U.S. lawmakers hammered out the new Wall Street regulations in the early hours on Friday, though the measure must still win approval from both chambers of Congress before U.S. President Barack Obama can sign it into law.
Optimism for business spending rose as Oracle Corp (ORCL.O), the world's third-largest software maker, posted a better-than-expected quarterly profit on strong sales of new products. [ID:nN24168374]. Its stock rose 2 percent to $22.66.
G8 leaders meeting on Friday in Canada -- turning into the G20 on Saturday -- are set to grapple with fears that the spending cuts and tax increases being promulgated by European governments to cut debt will hurt the recovery. Meanwhile, Washington is warning against cutting too far and too fast.
MSCI's all-country world index .MIWD00000PUS declined 0.27 percent, heading for a weekly loss of more than 2 percent and its fourth straight losing session. Its emerging market counterpart .MSCIEF slipped 0.48 percent.
In New York, the Dow Jones industrial average .DJI shed 8.99 points, or 0.09 percent, to end at 10,143.81. But the Standard & Poor's 500 Index .SPX rose 3.07 points, or 0.29 percent, to 1,076.76 and the Nasdaq Composite Index .IXIC advanced 6.06 points, or 0.27 percent, to close at 2,223.48.
For the week, the Dow fell 2.94 percent, while the S&P 500 slid 3.65 percent and Nasdaq dropped 3.74 percent.
European shares turned negative after initially bucking the trend. The FTSEurofirst 300 .FTEU3 fell 0.7 percent to end at 1,013.58, a two-week closing low, adding to three previous days of losses.
Earlier, Japan's Nikkei average .N225 fell 1.9 percent to finish at 9,737.48, its lowest close in two weeks.
EURO BOUNCES
The euro overcame earlier weakness to wipe out losses against the dollar and hit a session high at $1.2396 as traders cited a minor comeback in stocks and the rally in commodities. The euro was last quoted at $1.2379, up 0.37 percent from Thursday's New York close.
The dollar fell against the yen after the earlier report of soft U.S. economic growth.
Earlier in the day, funding concerns in the euro zone had prompted caution as banks need to repay some 442 billion euros in one-year loans to the European Central Bank next week.
The dollar slipped against a basket of major trading-partner currencies, with the U.S. Dollar Index .DXY down 0.48 percent at 85.325.
Against the yen, the dollar declined 0.30 percent to 89.27 Japanese yen.
U.S. Treasury debt prices rose after the disappointing report on U.S. economic growth.
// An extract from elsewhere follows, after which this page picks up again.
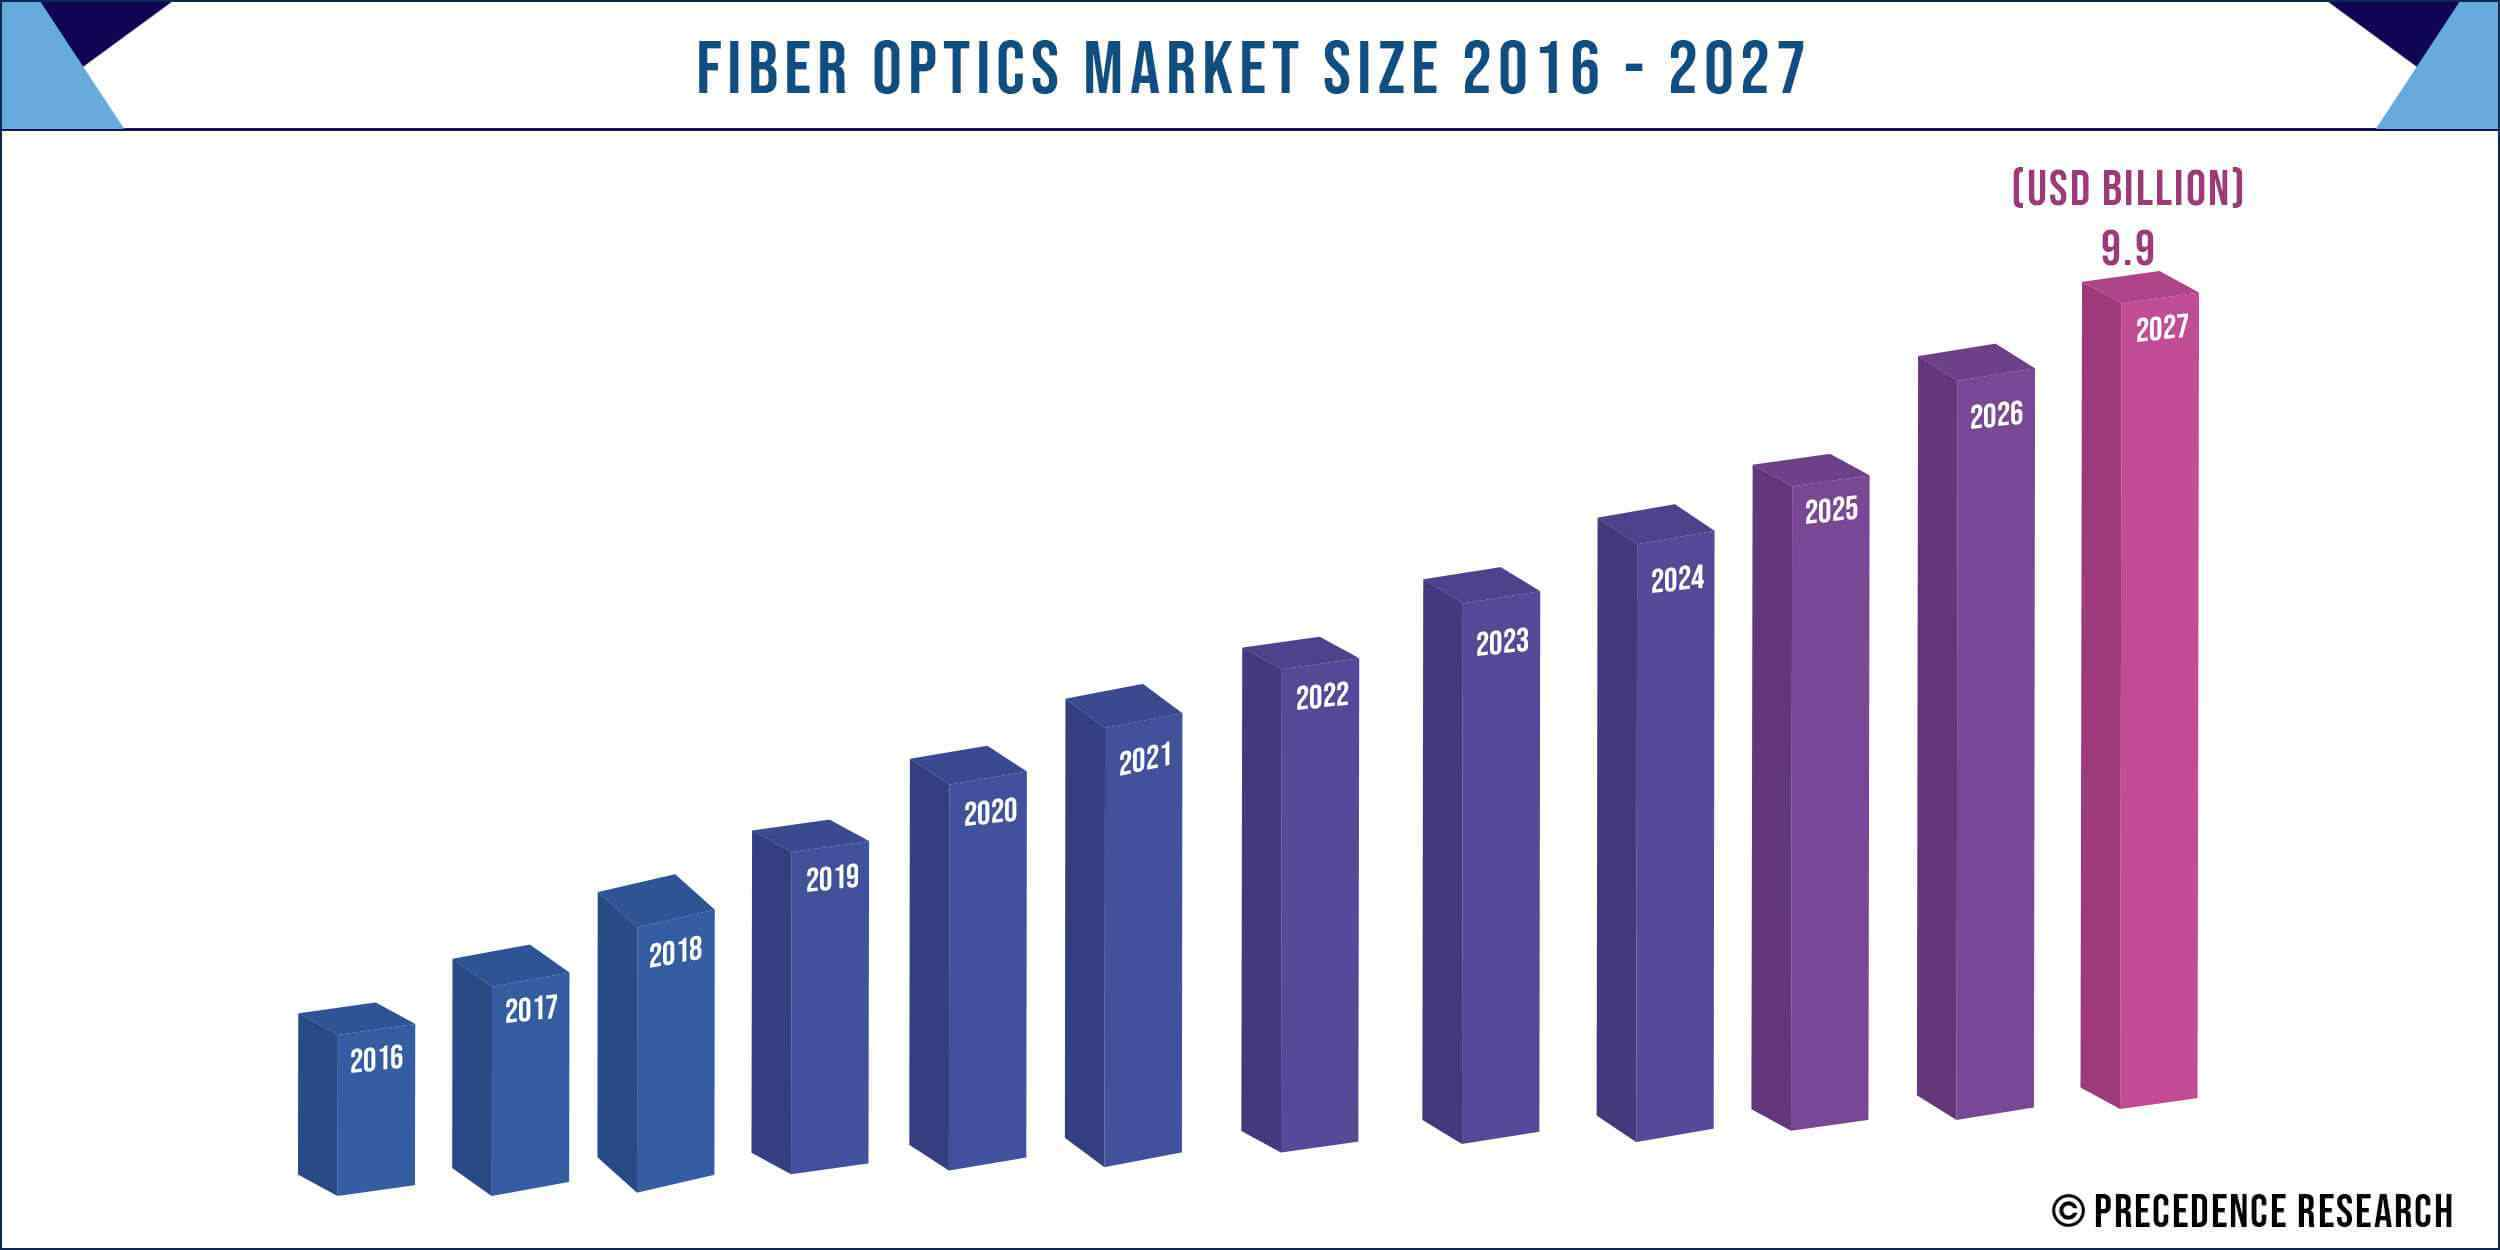 Fiber Optics Market Size 2016-2027

Benchmark 10-year Treasury notes rose 9/32 in price, while yields declined to 3.11 percent from 3.14 percent late Thursday.
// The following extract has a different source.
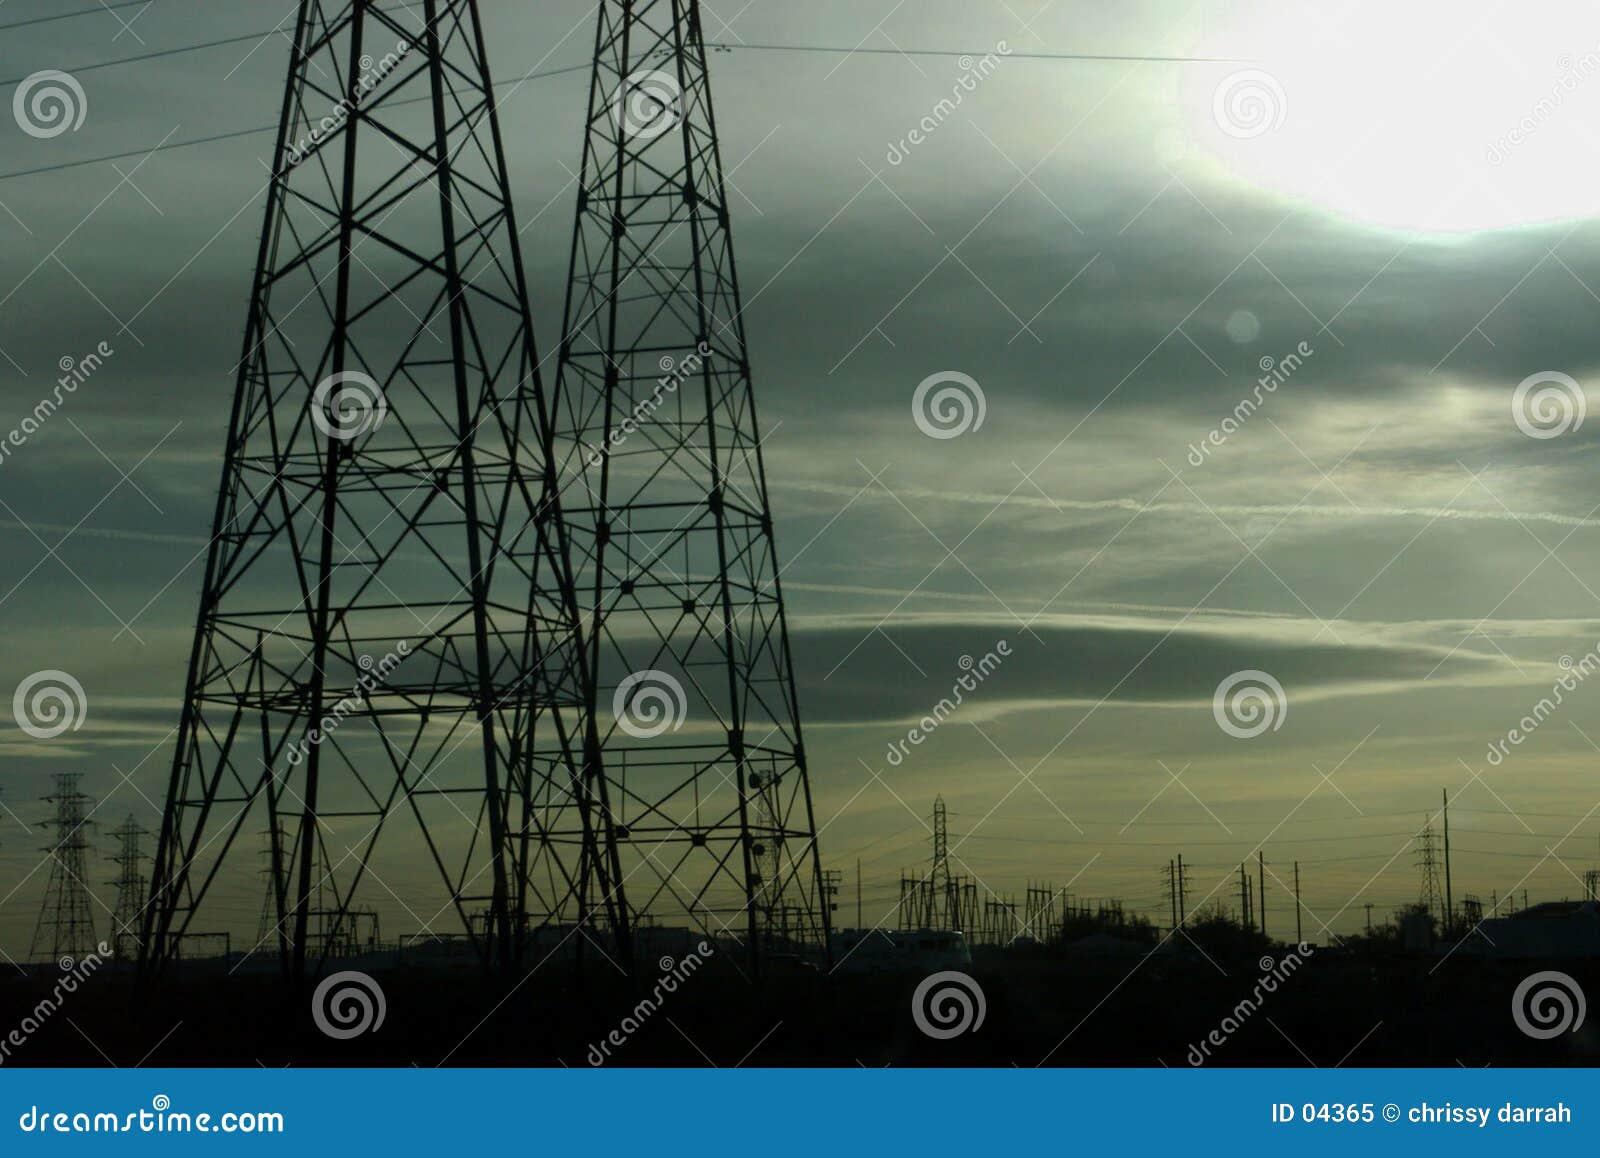 Oscuridad eléctrica

Core euro-zone government bonds struggled to make further headway after three consecutive days of gains drove futures to two-week highs. Losses were limited by stocks' weakness.
In commodities, U.S. light sweet crude oil for August delivery settled at a seven-week high at $78,86 a barrel -- up $2.35, or 3.07 percent, for the day. Oil prices jumped on concerns that a tropical storm in the Caribbean might get stronger and head to the Gulf of Mexico, where BP Plc (BP.L)(BP.N) is trying to clean up its huge oil spill.
Spot gold prices rose $11.05, or 0.89 percent, to $1,255.10 an ounce.